«Dios sabe lo que me cuesta deciros adiós»

Familiares, amigos y feligreses acompañaron ayer a José Antonio González Montoto. / MARIETA

José Antonio González Montoto se despide de la parroquia de Santo Tomás de Cantorbery después de ocho años

F. DEL BUSTO AVILÉS.

«Dios sabe lo que me cuesta deciros adiós». José Antonio González Montoto no ocultó ayer su emoción (de hecho su voz se quebró en alguna ocasión) para despedirse de los fieles que ayer acudieron a la misa de la una en Santo Tomás de Cantorbery para acompañar al que ha sido su párroco durante los últimos «ocho años y ocho meses menos un día» que, como recordó el nuevo delegado diocesano del clero se debía cumplir hoy, lunes.

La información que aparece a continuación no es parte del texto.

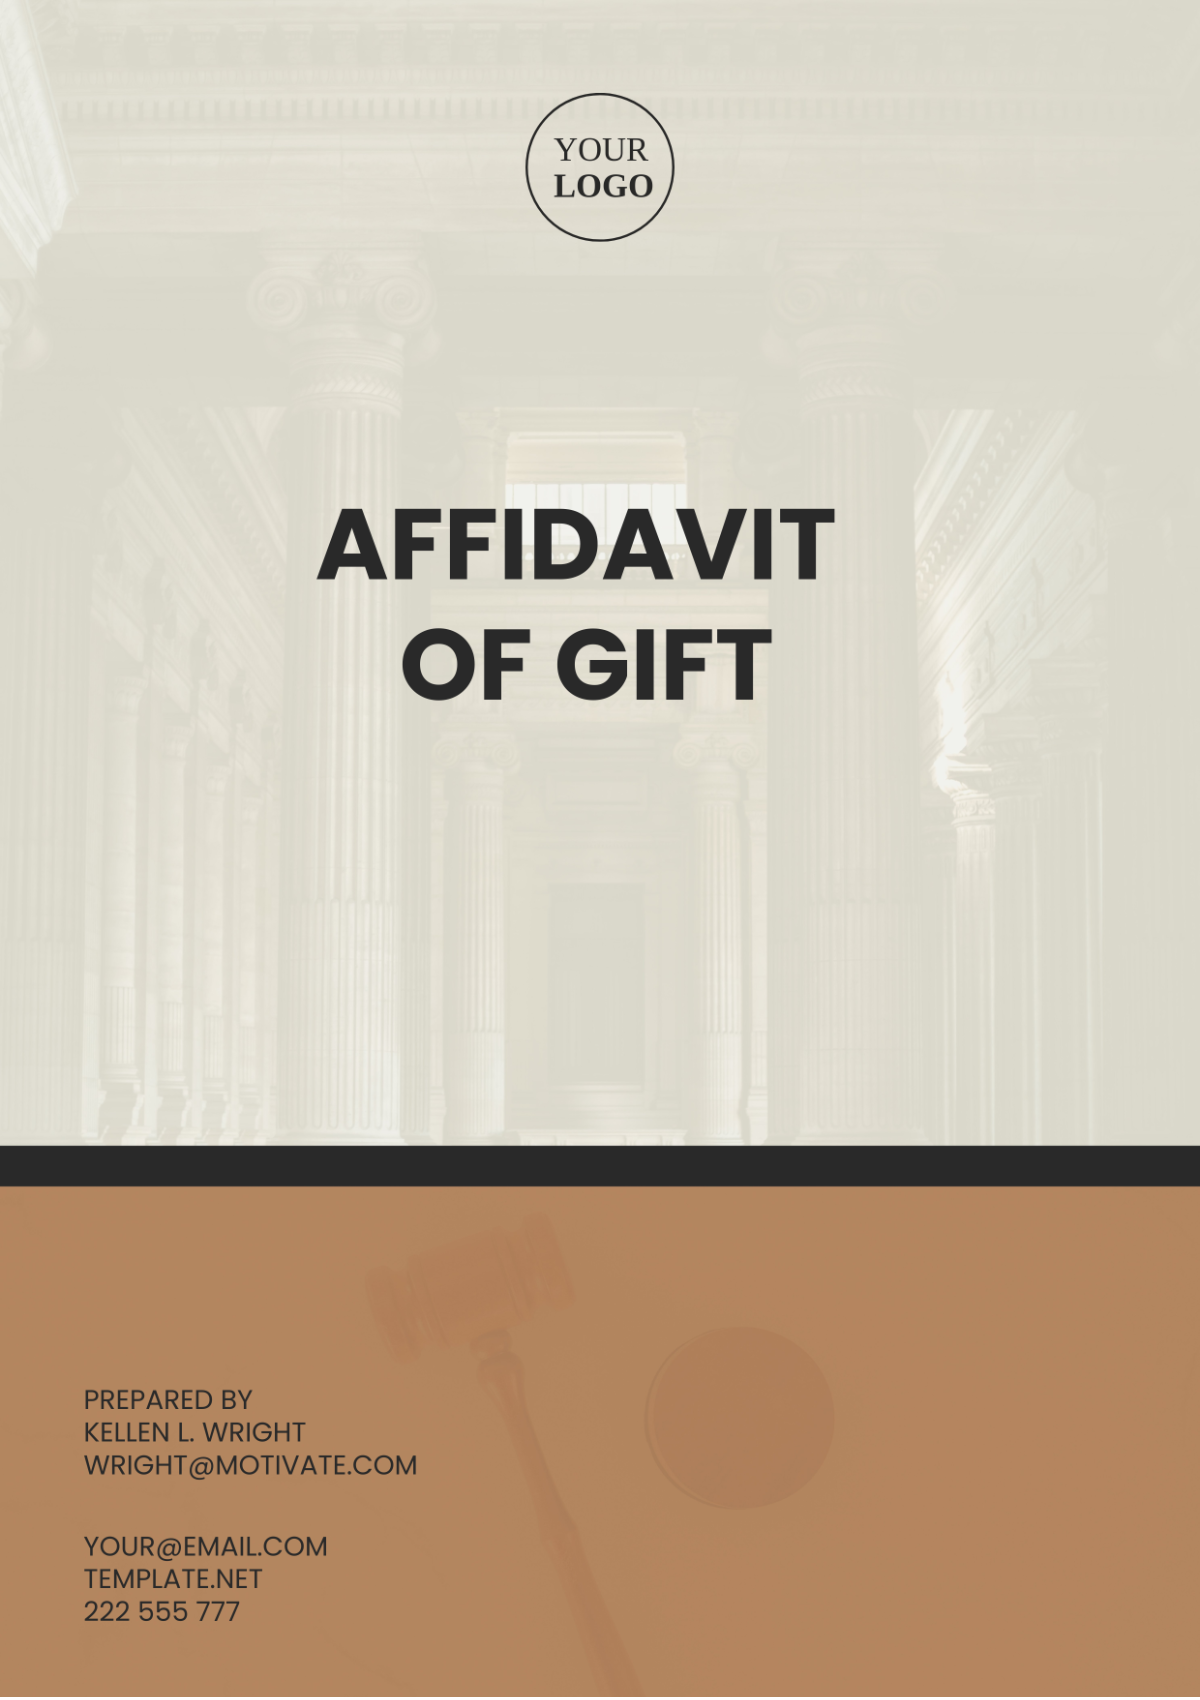 Mississippi Affidavit of Gift Template

Fue una celebración sencilla, en la que estuvo acompañado por los cuatro sacerdotes que le han respaldado en su labor pastoral ('Neyo', Ángel Fernández Llano, Antonio Ruiz y Enrique Molina) y que se aplicó por todos los difuntos de la parroquia. Ello no impidió la presencia de dos coros, de Amigos de Sabugo y del Conservatorio, dirigidos por las hermanas Elena e Isabel Baigorri, respectivamente, y la presencia de José María Martínez, 'Chema', en el órgano del templo.

En su homilía, José Antonio González Montoto expresó su gratitud por la vivencia de la fe, desde su familia a sus compañeros sacerdotes, incluso recordó a don Porfirio, el párroco de Pillarno que, cuando tenía diecinueve años, le preguntó por su posible vocación sacerdotal. «Naturalmente, dije que no», recordó. Pero también pidió perdón por sus fallos y las veces en las «que no estuve a la altura de la misión encomendada». También ánimo a los fieles a seguir «adelante» con plena confianza en Dios.

Pero tal como subrayó el propio Montoto, no se trataba de una despedida, sino un hasta luego con fecha para el reencuentro. Será el 17 de junio de 2018 , cuando la misa de una celebre las bodas de oro sacerdotales que Montoto habrá cumplido dos días antes. No fue el único regalo con el que ayer se fue de Montoto. La parroquia le entregó un cuadro de cristal con el templo parroquial y la expresión de agradecimiento de la comunidad. También le regalaron un ordenador portátil para atender las necesidades derivadas de sus nuevas responsabilidades.

Por su parte, Montoto regaló un recordatorio con la Virgen de Covadonga y la petición a los fieles de que rezasen por él «para ser fiel al encargo recibido». Además, la colecta de la misa se destinará a la Casa Sacerdotal.